Snowball is a small string processing language for creating
stemming algorithms for use in Information Retrieval, plus a collection of
stemming algorithms implemented using it.
It was originally designed
and built by Martin
Porter. Martin retired from development in 2014 and Snowball is now
maintained as a community project. Martin originally chose the name Snowball as
a tribute to SNOBOL, the
excellent string handling language from the 1960s. It now also serves as a
metaphor for how the project grows by gathering contributions over time.
The Snowball compiler translates a Snowball program into source code in another
language - currently Ada, ISO C, C#, Go, Java, Javascript, Object Pascal,
Python and Rust are supported.
What is Stemming?
Stemming maps different forms of the same word to a common "stem" - for
example, the English stemmer maps connection, connections,
connective, connected, and connecting to connect.

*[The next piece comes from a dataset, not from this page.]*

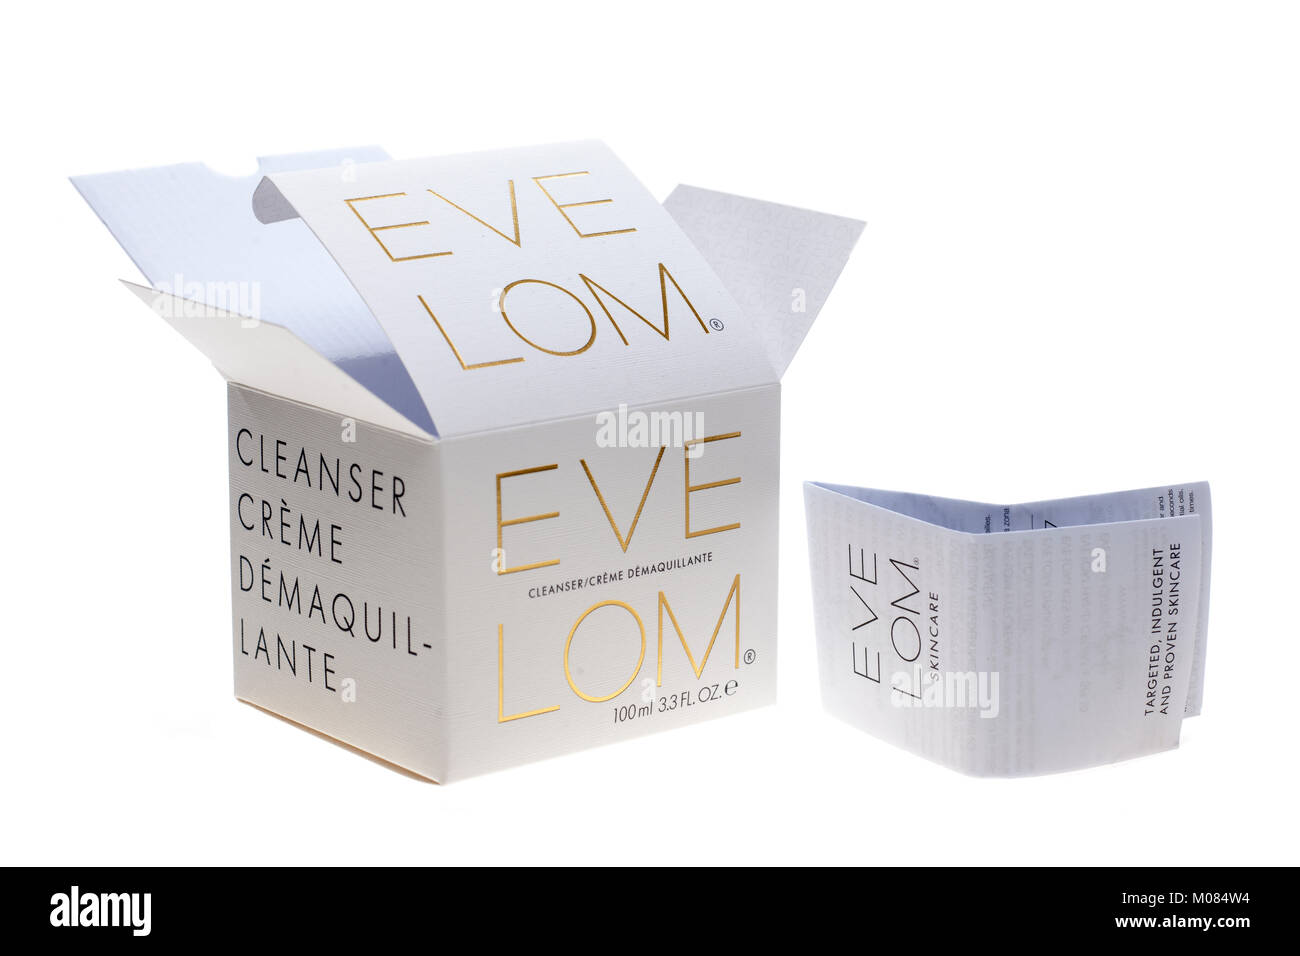 Eve Lom cleanser trucco etichetta e casella Foto Stock

So a searching for connected would also find documents which only
have the other forms.
This stem form is often a word itself, but this is not always the case as
this is not a requirement for text search systems, which are the intended
field of use. We also aim to conflate words with the same meaning, rather
than all words with a common linguistic root (so awe and awful
don't have the same stem), and over-stemming is more problematic than
under-stemming so we tend not to stem in cases that are hard to resolve. If
you want to always reduce words to a root form and/or get a root form which is
itself a word then Snowball's stemming algorithms likely aren't the right
answer.
Please address all Snowball-related mail to the snowball-discuss mailing list.

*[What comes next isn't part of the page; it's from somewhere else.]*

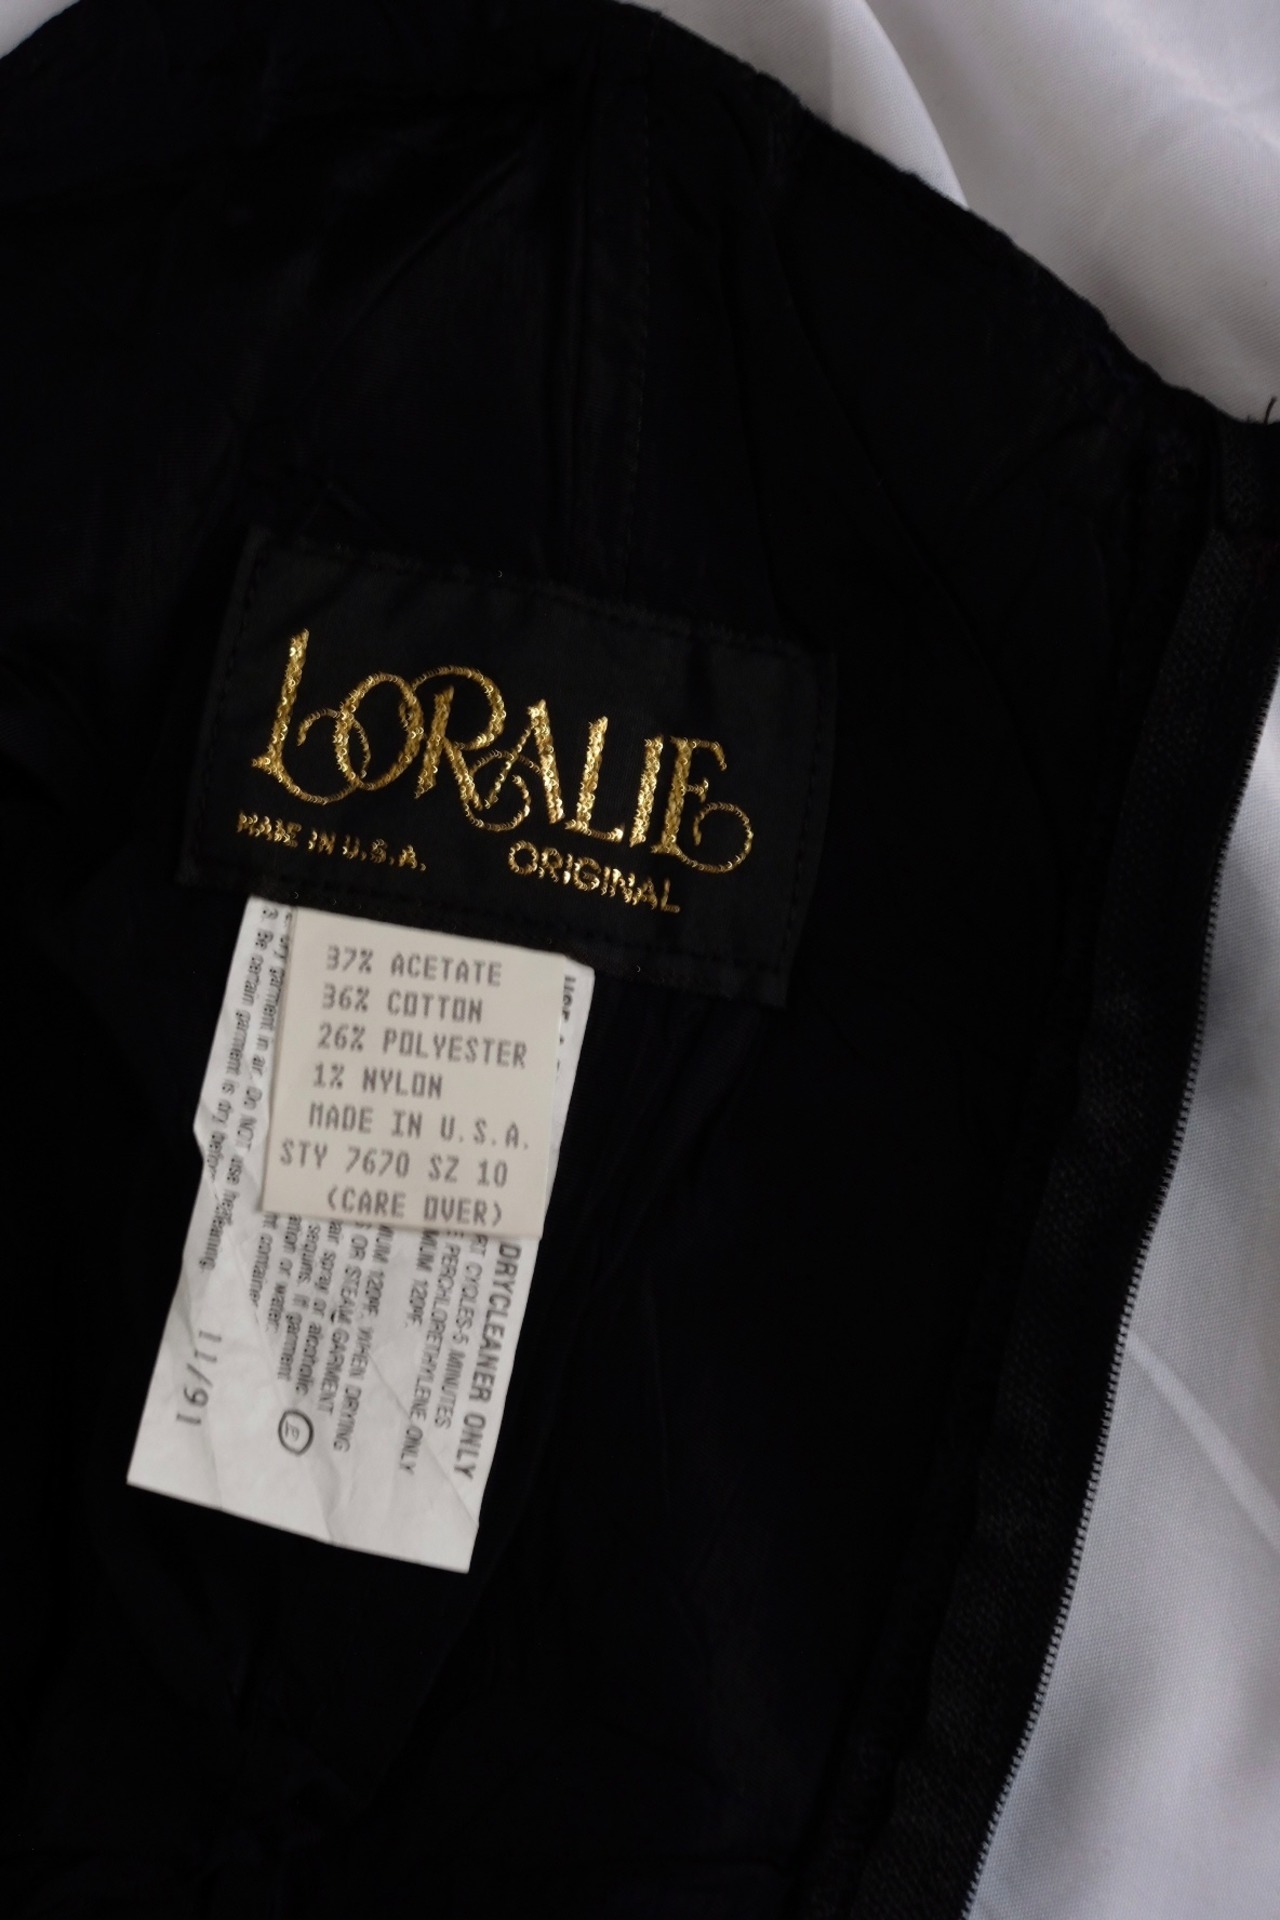 90’s “LORALIE” Prom dress Made in U.S.A

Any such mail sent directly to individual developers may be answered less
speedily, and in any case they reserve the right to post their answers on snowball-discuss.
Major events
-
Sep 2023 - Estonian stemming algorithm contributed by Linda Freienthal.
-
Nov 2021 - Snowball 2.2.0 released!
-
Jan 2021 - Snowball 2.1.0 released.
-
Jan 2021 - Armenian stemmer from Astghik Mkrtchyan merged into the distribution.
-
Jan 2021 - Ada backend contributed by Stephane Carrez.
-
Nov 2020 - Yiddish stemming algorithm contributed by Assaf Urieli.
-
Oct 2019 - Serbian stemming algorithm contributed by Stefan Petkovic and Dragan Ivanovic.
-
Oct 2019 - Snowball 2.0.0 released.
-
Aug 2019 - Hindi stemming algorithm contributed by Olly Betts.
-
Aug 2019 - Basque and Catalan merged into the distribution.
-
Oct 2018 - Greek stemming algorithm contributed by Oleg Smirnov.
-
Jun 2018 - Object pascal backend from Wout van Wezel merged.
-
May 2018 - Lithuanian stemming algorithm contributed by Dainius Jocas.
-
May 2018 - Indonesian stemming algorithm contributed by Olly Betts.
-
Mar 2018 - C# backend contributed by Cesar Souza.
-
Mar 2018 - Javascript backend merged.
-
Jun 2017 - Go backend contributed by Marty Schoch.
-
Mar 2017 - Rust backend contributed by Jakob Demler.
-
Jan 2016 - Arabic stemming algorithm contributed by Assem Chelli.
-
Oct 2015 - Tamil stemming algorithm contributed by Damodharan Rajalingam.
-
Sep 2015 - New home for snowball on snowballstem.org.
-
Sep 2014 - Martin Porter retires from snowball development.
-
May 2012 - Contributed stemmers for Irish and Czech.
-
Jul 2010 - Contributed stemmers for Armenian, Basque, Catalan.
-
Mar 2007 - Romanian stemmer.
-
Jan 2007 - Turkish stemmer. Contributed by Evren (Kapusuz) Cilden.
-
Sep 2006 - Hungarian stemmer. Contributed by Anna Tordai.
-
Jun 2006 - Supported and updated Python bindings.
-
May 2005 - UTF-8 Unicode support.
-
Sep 2002 - Finnish stemmer.
-
Jul 2002 - ISO Latin I as default
The use of MS DOS Latin I is now history, but the old versions of the
Snowball stemmers are still accessible on the site.
-
May 2002 - Unicode support
-
Feb 2002 - Java support
Richard has modified the snowball code generator to produce Java output as
well as ANSI C output. This means that pure Java systems can now use the
snowball stemmers.